Title: Solenoid valve assembly for controlling gas supply

Description:
BACKGROUND OF THE INVENTION 
     1. Field of the Invention 
     This invention is related to a solenoid valve assembly for controlling gas supply and in particular to one for controlling gas supply to a main burner and an auxiliary burner. 
     2. Description of the Invention 
     It has been found that the conventional gas burner is ignited by depressing and holding a button until the thermocouple in the gas burner generates a steady current to the control board. However, the operation for igniting the gas burner requires the user to hold the button for a certain period of time thereby causing much inconvenience in use. Hence, it is proposed to use a battery to ignite the gas burner in order to eliminate this drawback, but the service life of the battery is limited and will not be able to ignite the gas burner in case the battery is flat. 
     Therefore, it is an object of the present invention to provide an apparatus for controlling gas supply to gas burners which can obviate and mitigate the above-mentioned drawbacks. 
     SUMMARY OF THE INVENTION 
     This invention is related to a solenoid valve assembly for controlling gas supply to a main and an auxiliary burners. 
     It is the primary object of the present invention to provide a solenoid valve assembly for controlling gas supply to a main and an auxiliary burners which is compact in size. 

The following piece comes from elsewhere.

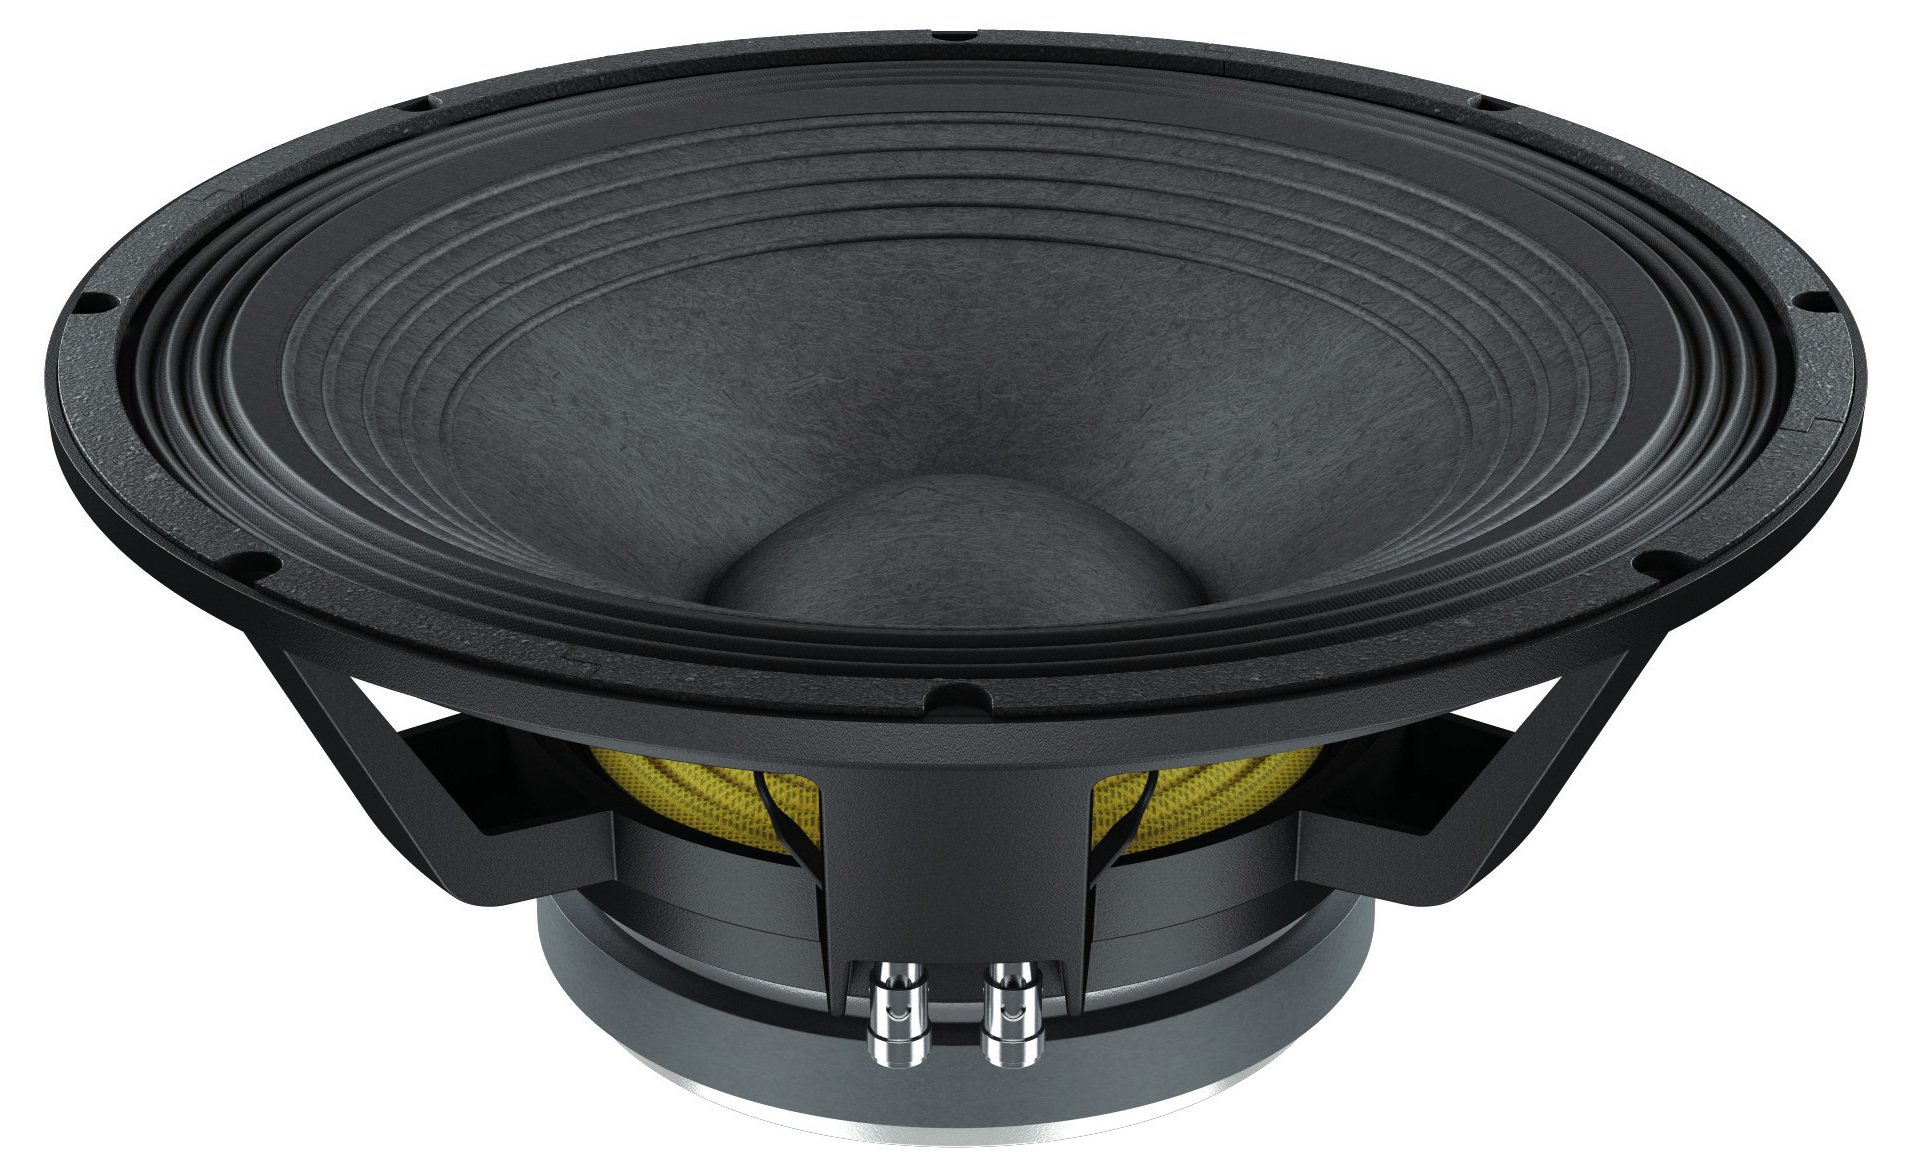 LaVoce WXF15.400 Woofer

     It is another object of the present invention to provide a solenoid valve assembly for controlling gas supply to a main and an auxiliary burners which is simple in construction. 
     It is still another object of the present invention to provide a solenoid valve assembly for controlling gas supply to a main and an auxiliary burners which is fit for practical use. 
     It is still another object of the present invention to provide a solenoid valve assembly for controlling gas supply to a main and an auxiliary burners which is cheap to manufacture. 
     It is a further object of the present invention to provide a solenoid valve assembly for controlling gas supply to a main and an auxiliary burners which is easy to operate. 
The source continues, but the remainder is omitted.